The set of regular tree types is denoted by \( \mathcal{T}_r \).
显然一个“表述上有穷”的无穷 recursive type 都是 regular 的,例如 \( T = \operatorname{\mathtt{Top}} \times T \)。
下面是一个非 regular 的例子:
\[T = B \times (A \times (B \times (A \times (A \times (B \times (A \times (A \times (A \times (B \times \dots))))))\]
The restriction \( S_r \) of the generating function \( S \) to regular tree types is finite state.
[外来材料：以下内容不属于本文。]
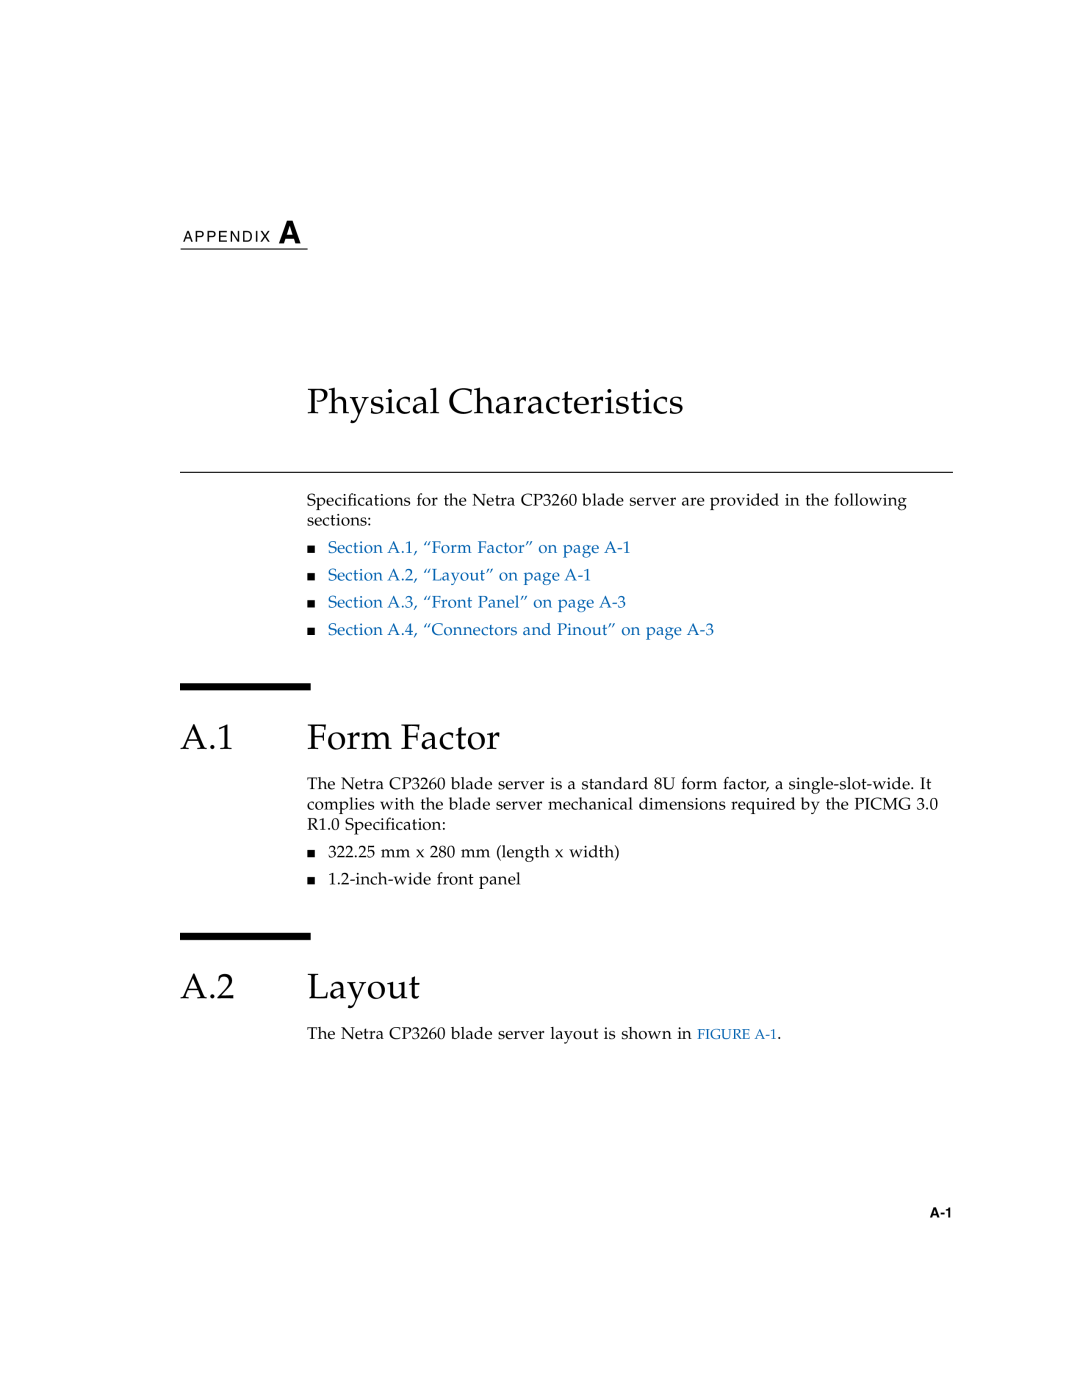 Sun Microsystems CP3260 Physical Characteristics, A.1 Form Factor, A.2 Layout, Section A.1, “Form Factor” on page A-1

只需要证明,\( \forall(S, T) \in \mathcal{T}ᵣ \times \mathcal{T}ᵣ. \operatorname{\mathtt{reachable}}_{S_r}(S, T) \) 是有穷的。
不难发现 \( \operatorname{\mathtt{reachable}}_{S_r}(S, T) \subseteq \operatorname{\mathtt{subtrees}}(S) \times \operatorname{\mathtt{subtrees}}(T) \cup \operatorname{\mathtt{subtrees}}(T) \times \operatorname{\mathtt{S}} \);由于 \( \operatorname{\mathtt{subtrees}}(S) \) 和 \( \operatorname{\mathtt{subtrees}}(T) \) 都是有限的,所以后者也是有限的。
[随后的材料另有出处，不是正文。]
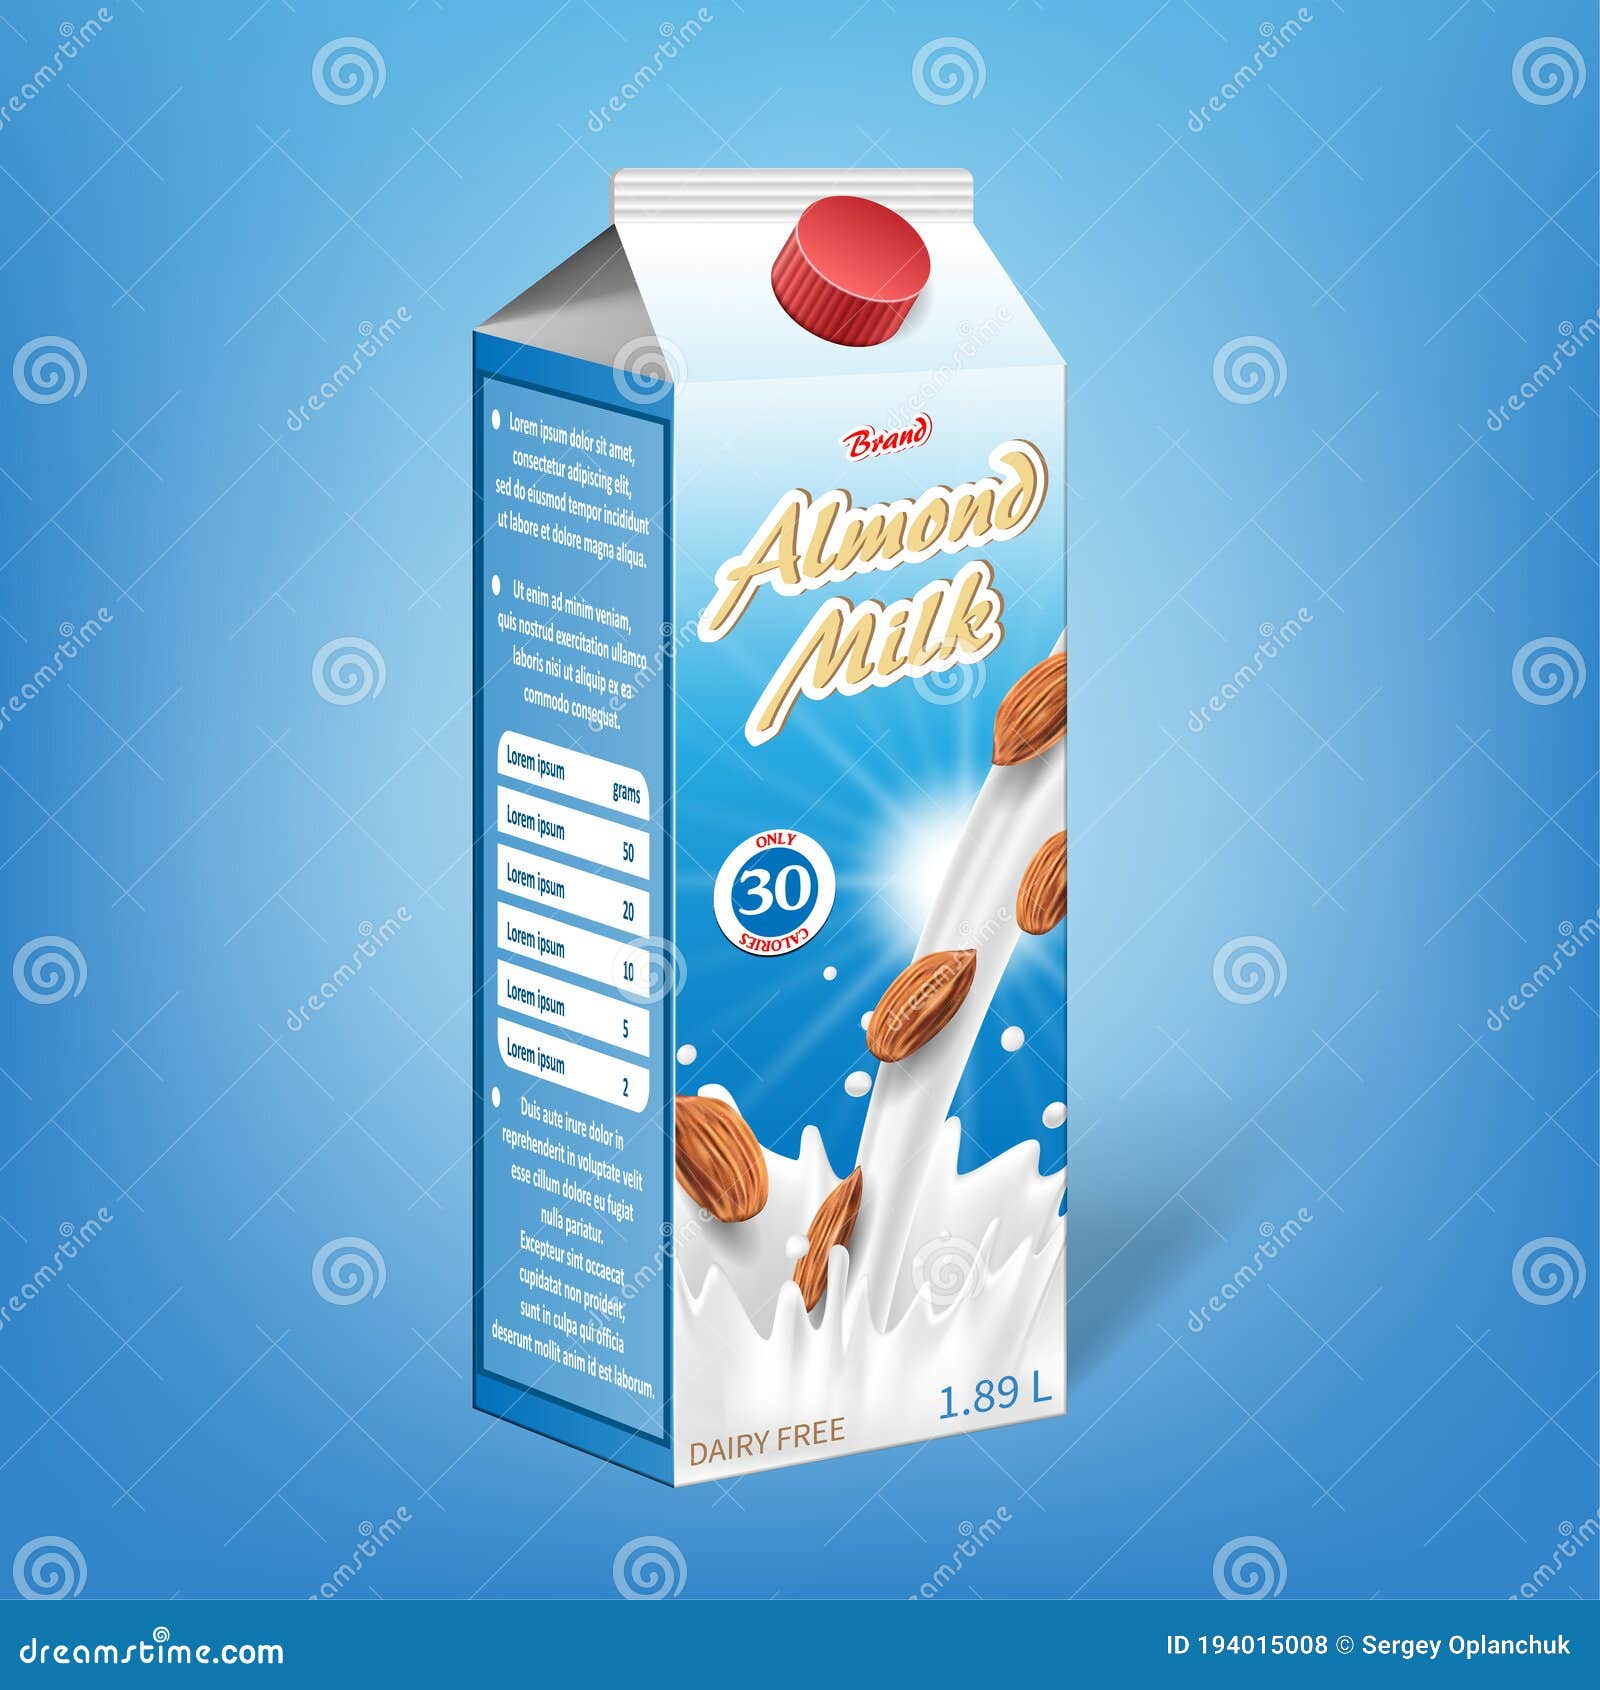 realistic almond milk carton package. milk package   template for vegan natural meal. dairy product for

由此可以发现,对于 regular tree types,可以利用 membership checking 的算法来判断 subtyping 关系。
μ-Types
本节将通过 μ-notation 来“有穷地”表述 regular tree types,定义 μ-expressions 上的 subtyping 关系,并建立 μ-types 和 tree types 之间的关系。
(μ-types)
Let \( X \) range over a fixed countable set \(\{X_1, X_2, \dots\}\) of type variables. The set \(\mathcal{T}^{\operatorname{\mathrm{raw}}}ₘ\) of raw μ-types is the set of expressions defined by the following grammar:
\begin{aligned} \mathcal{T} \Coloneqq &{} X \\ &{} \operatorname{\mathtt{Top}} \\ &{} T \times T \\ &{} T \to T \\ &{} \mu X. T \end{aligned}
The syntactic operator \( \mu \) is a binder, and gives rise to notions of bound and free variables, closed raw μ-types, and equivalence of raw μ-types up to renaming of bound variables.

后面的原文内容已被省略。